- Opening Delimiter -
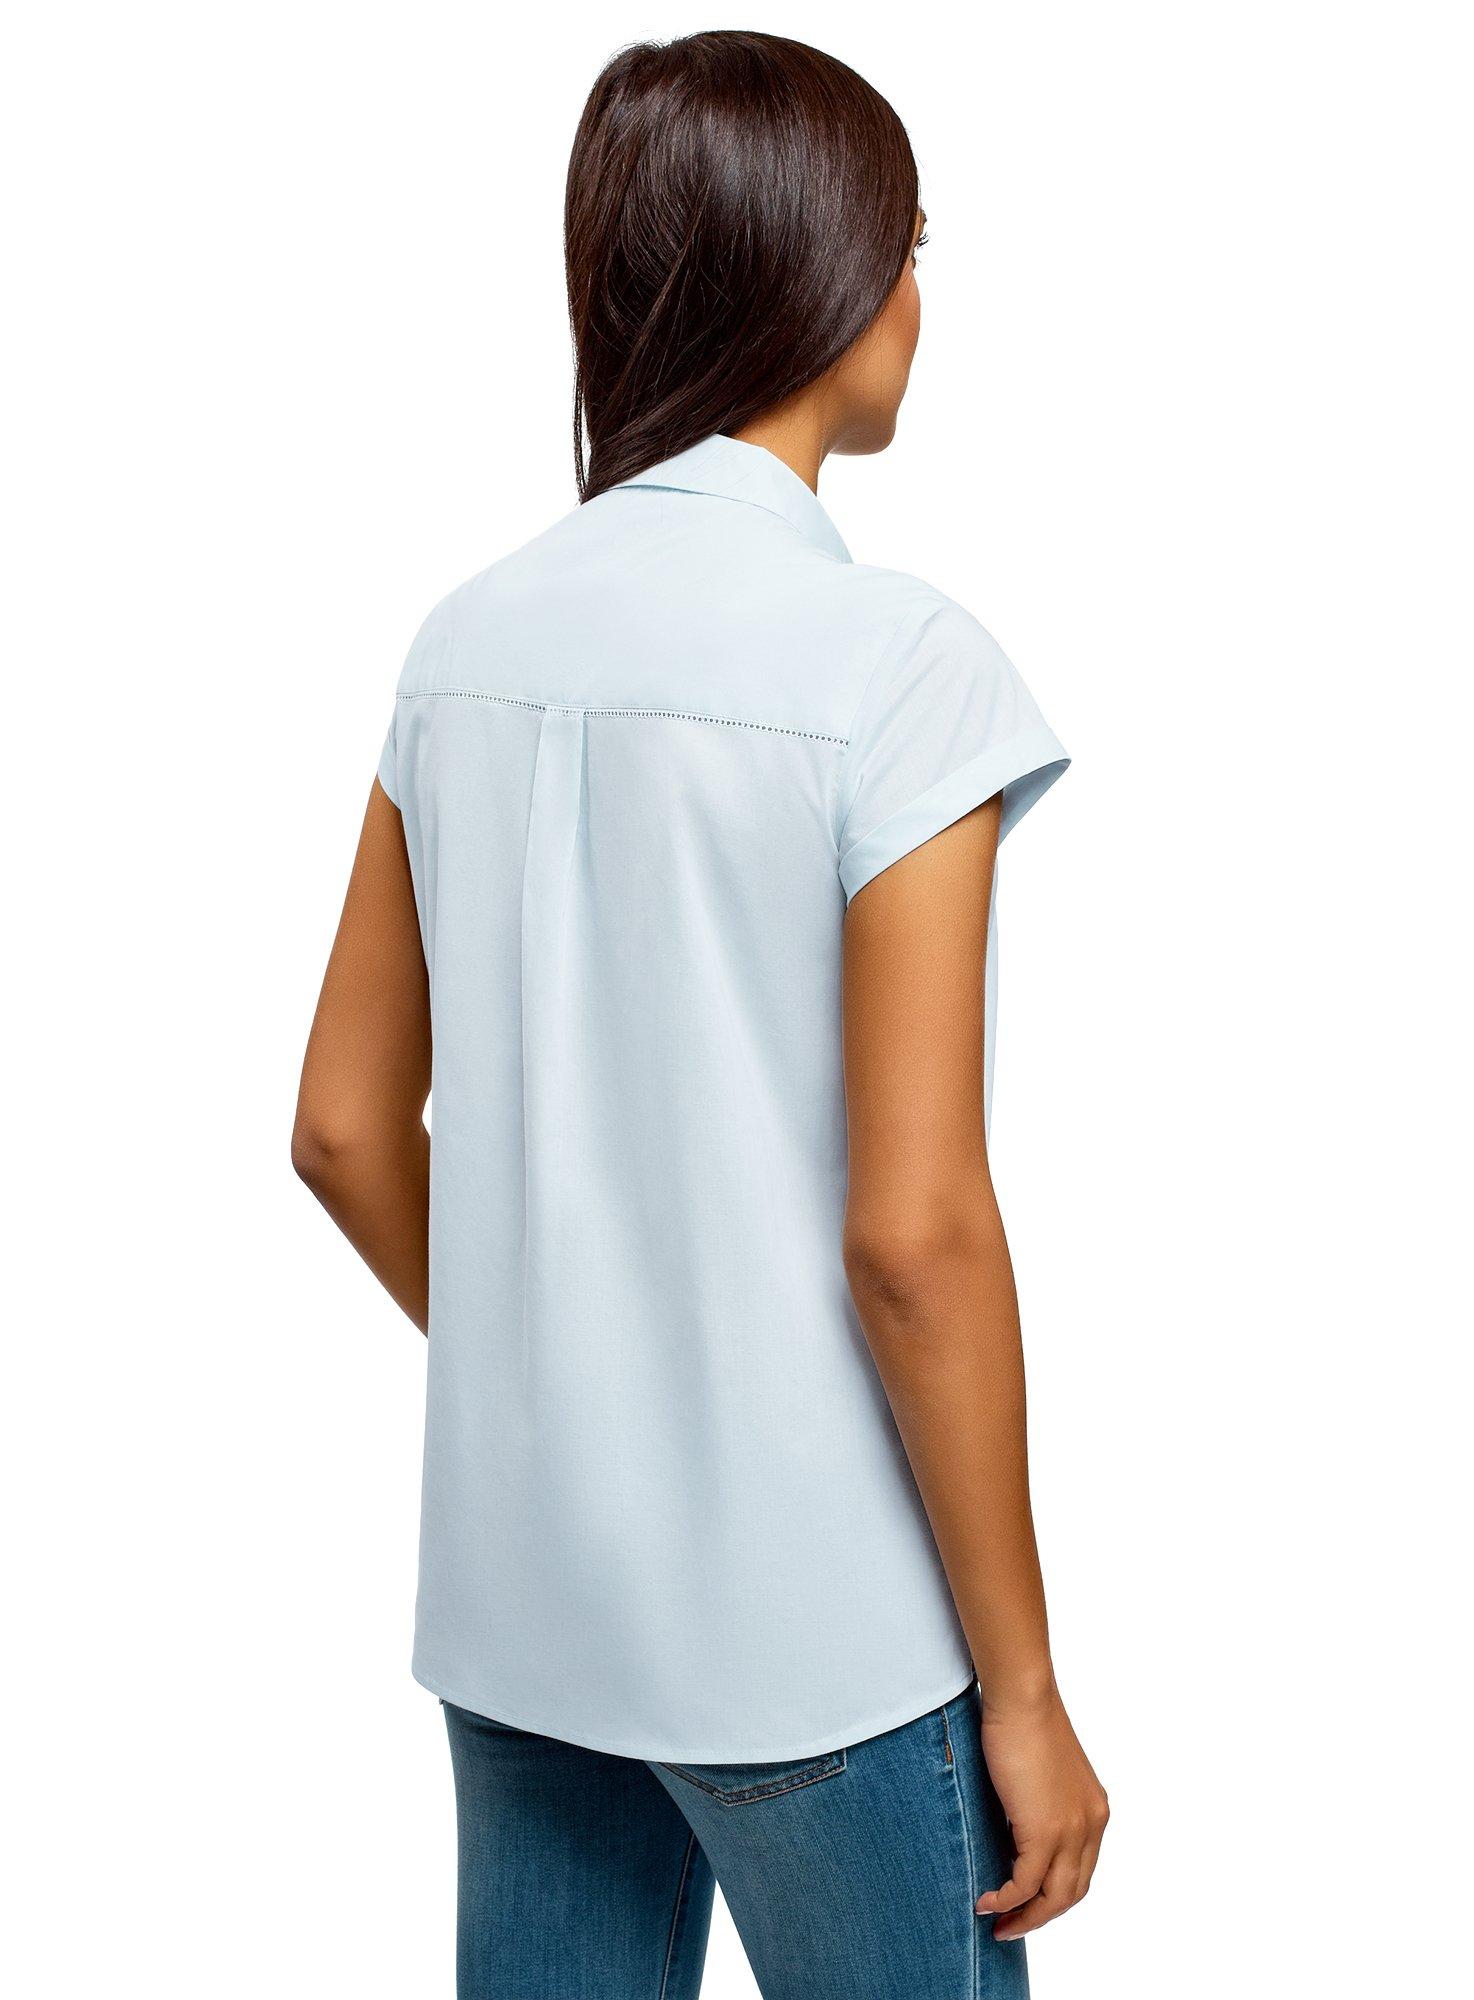 oodji Ultra Women's Short Sleeve Cotton Shirt with Turn-Ups, Blue, 2 by oodji (Image #3)
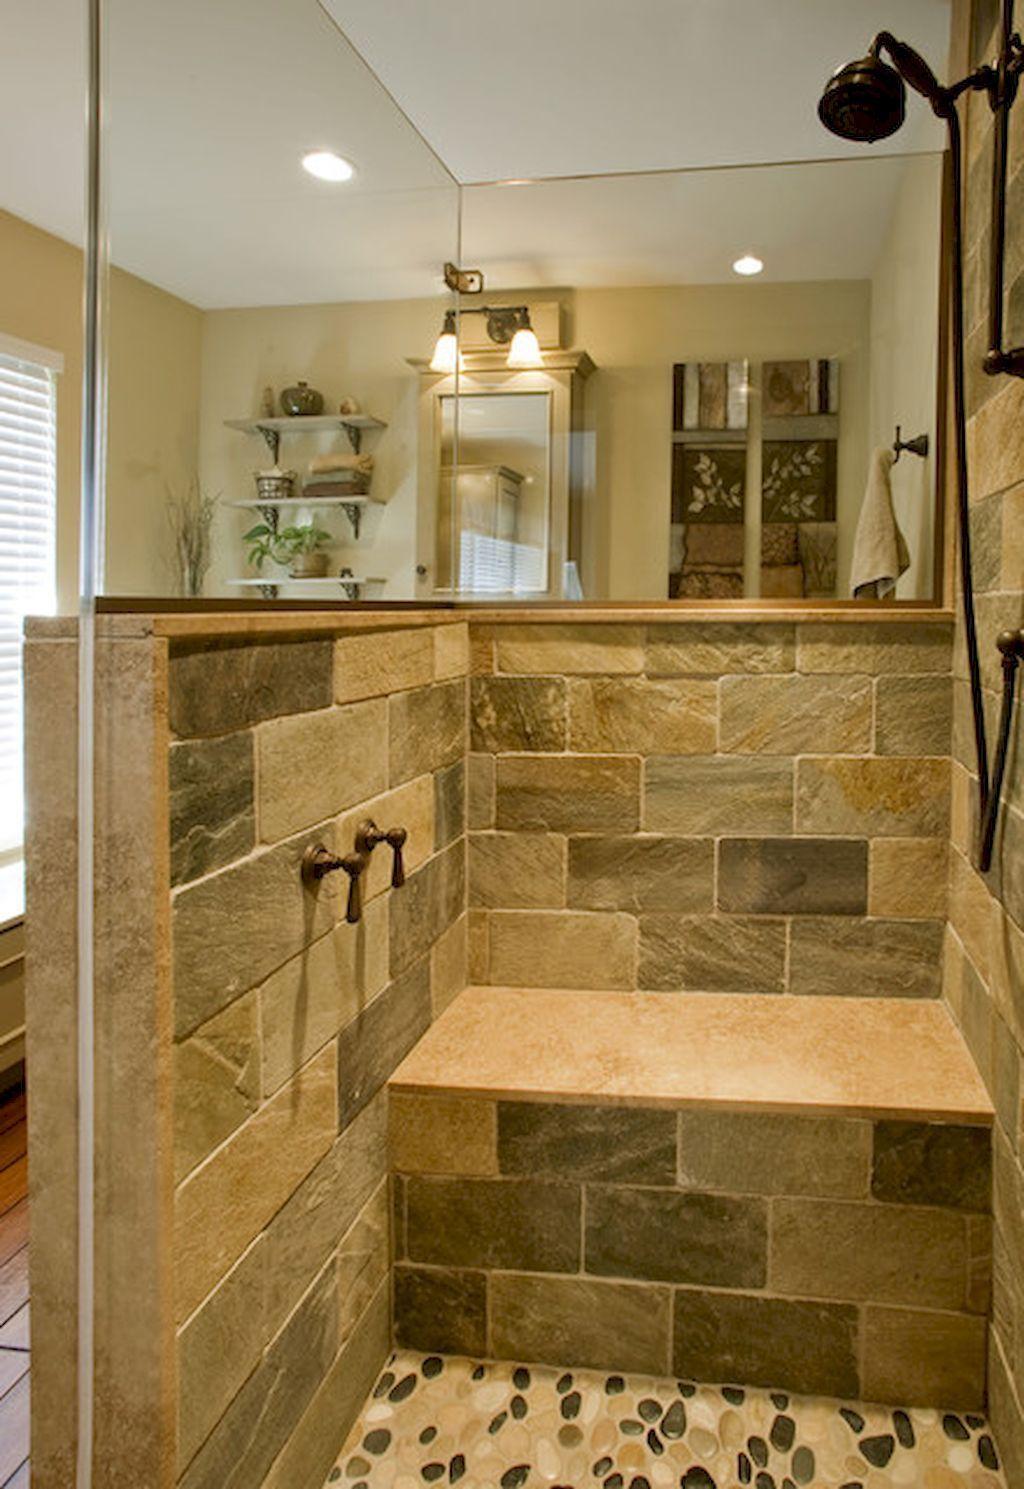 120 Modern Farmhouse Bathroom Design Ideas And Remodel (8 ... on Rustic Farmhouse Bathroom Tile  id=73388
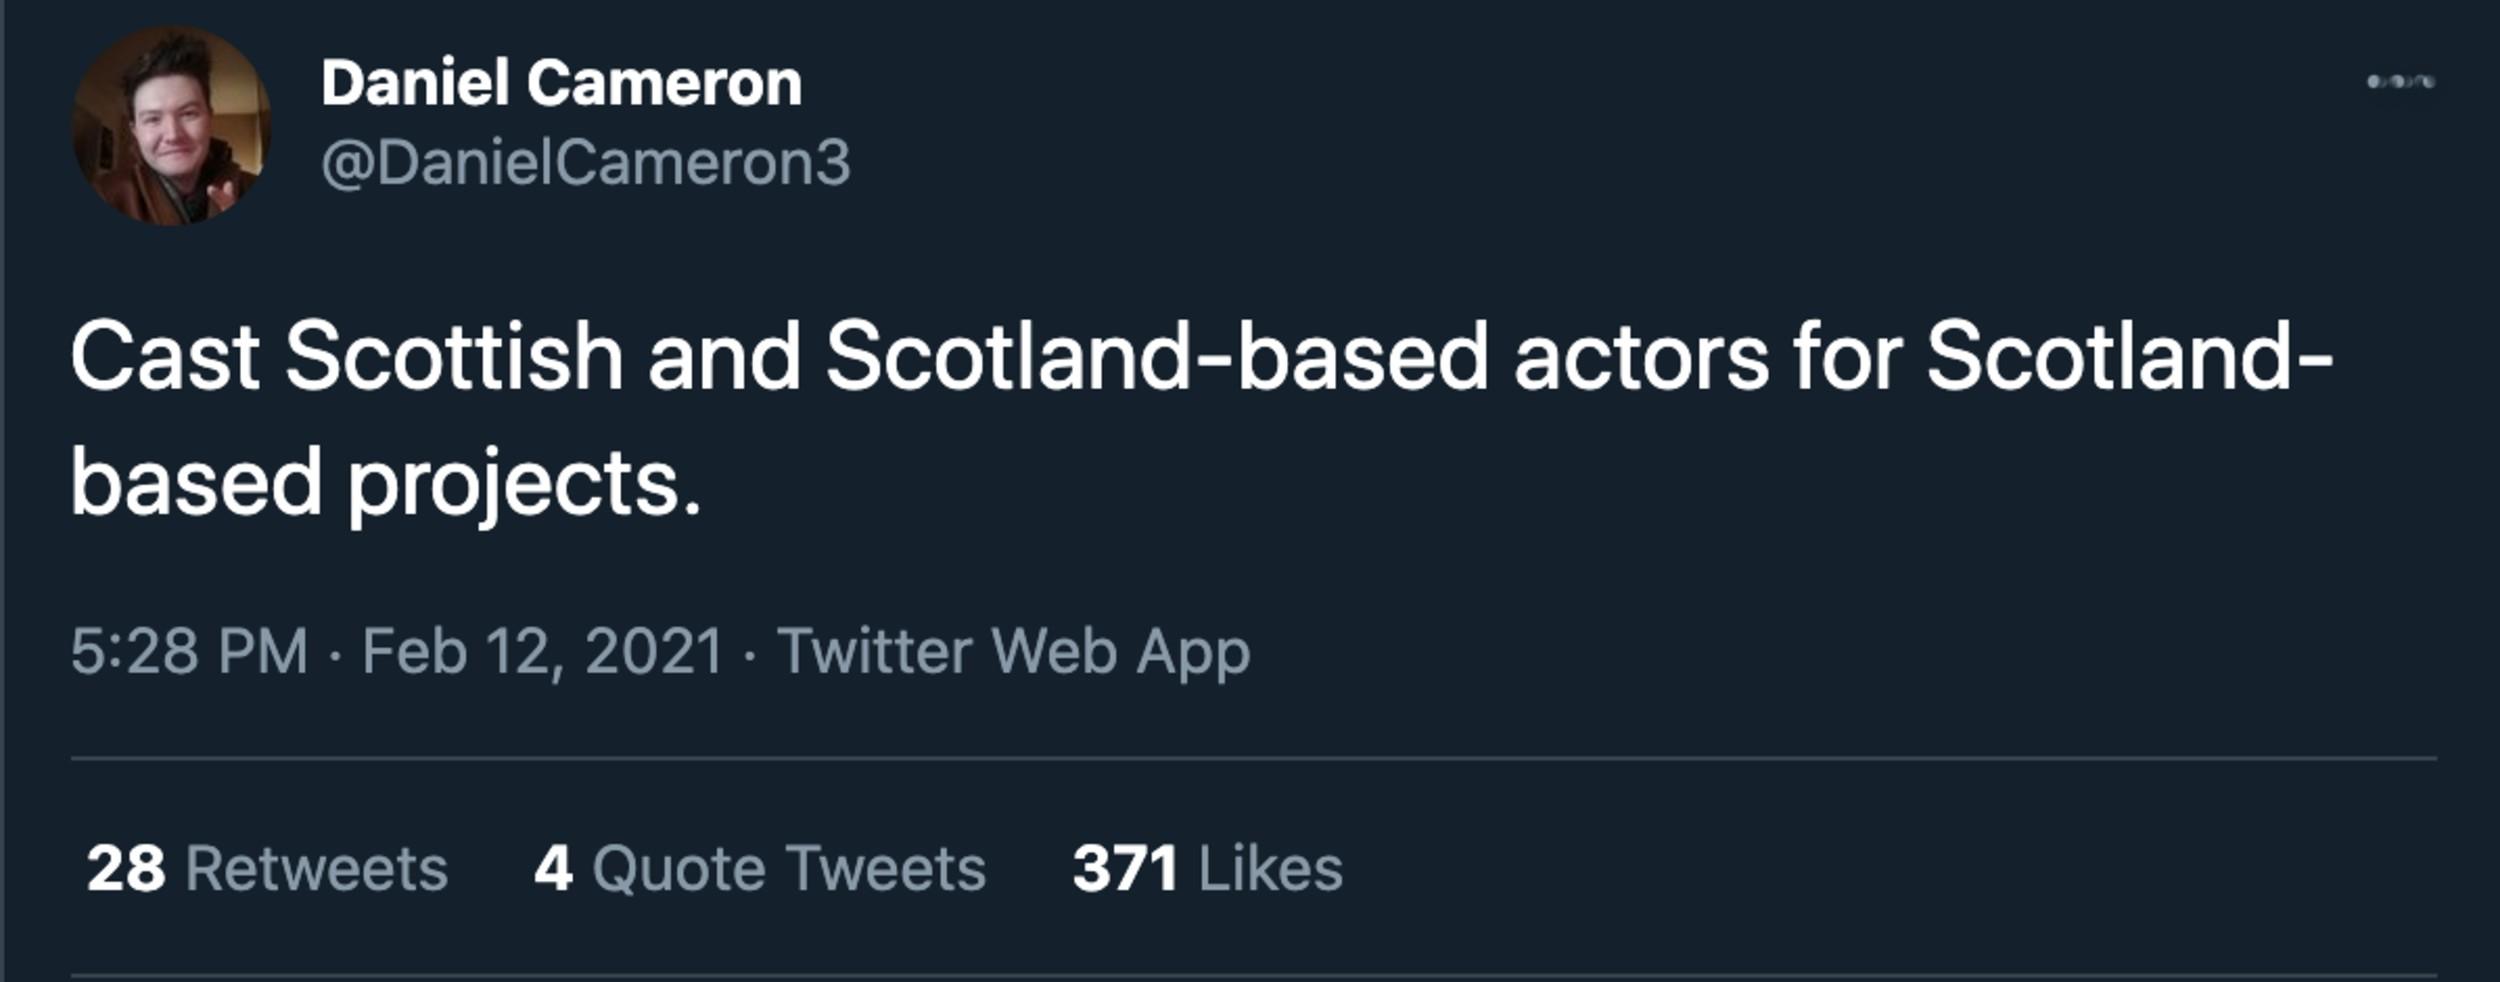 Daniel Cameron tweet - Entertainment News Scotland
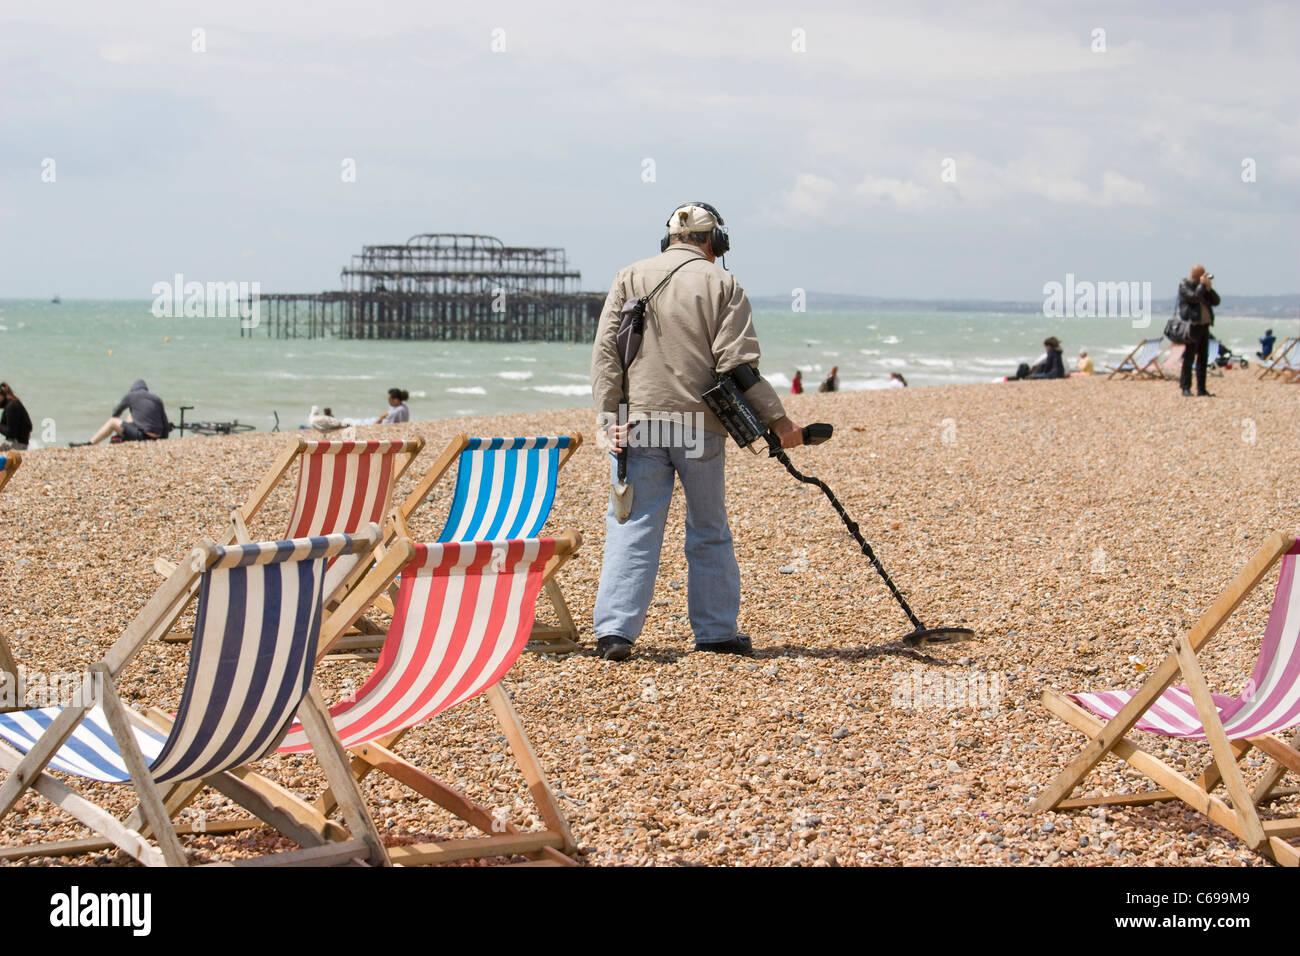 Brighton Sussex metal detector, man searching for coins with a metal detector on brighton beach - Stock Image
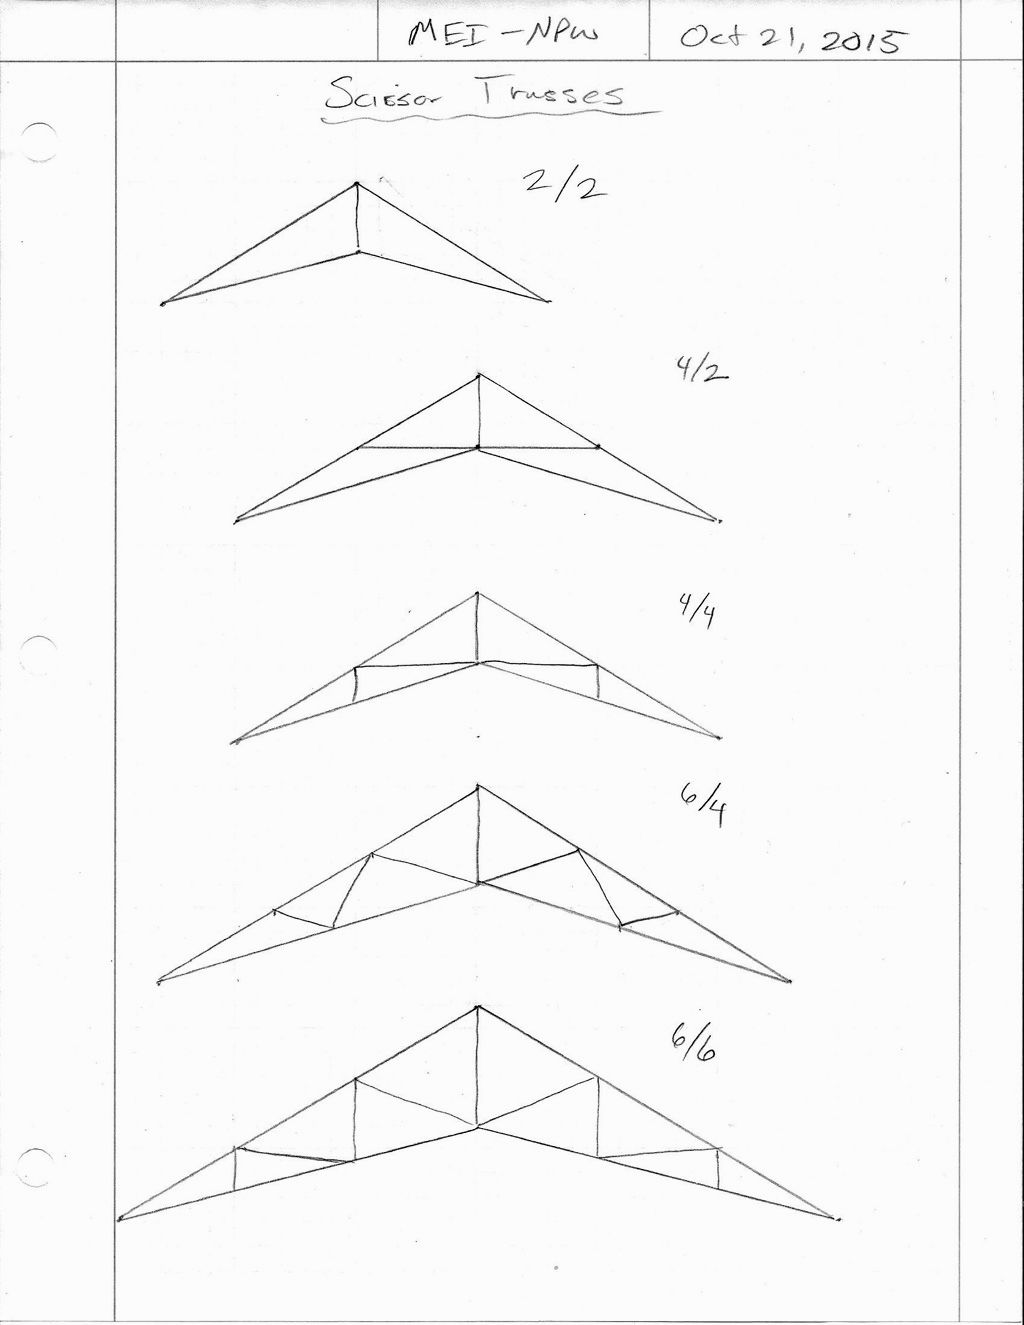 1024x1325 terrific scissor truss design calculator portrait gallery image
- Closing Delimiter -
**What to do**
Retype every entry exactly, but keep the pictures out of your copy.

**Completed task**
 oodji Ultra Women's Short Sleeve Cotton Shirt with Turn-Ups, Blue, 2 by oodji (Image #3)
 120 Modern Farmhouse Bathroom Design Ideas And Remodel (8 ... on Rustic Farmhouse Bathroom Tile  id=73388
 Daniel Cameron tweet - Entertainment News Scotland
 Brighton Sussex metal detector, man searching for coins with a metal detector on brighton beach - Stock Image
 1024x1325 terrific scissor truss design calculator portrait gallery image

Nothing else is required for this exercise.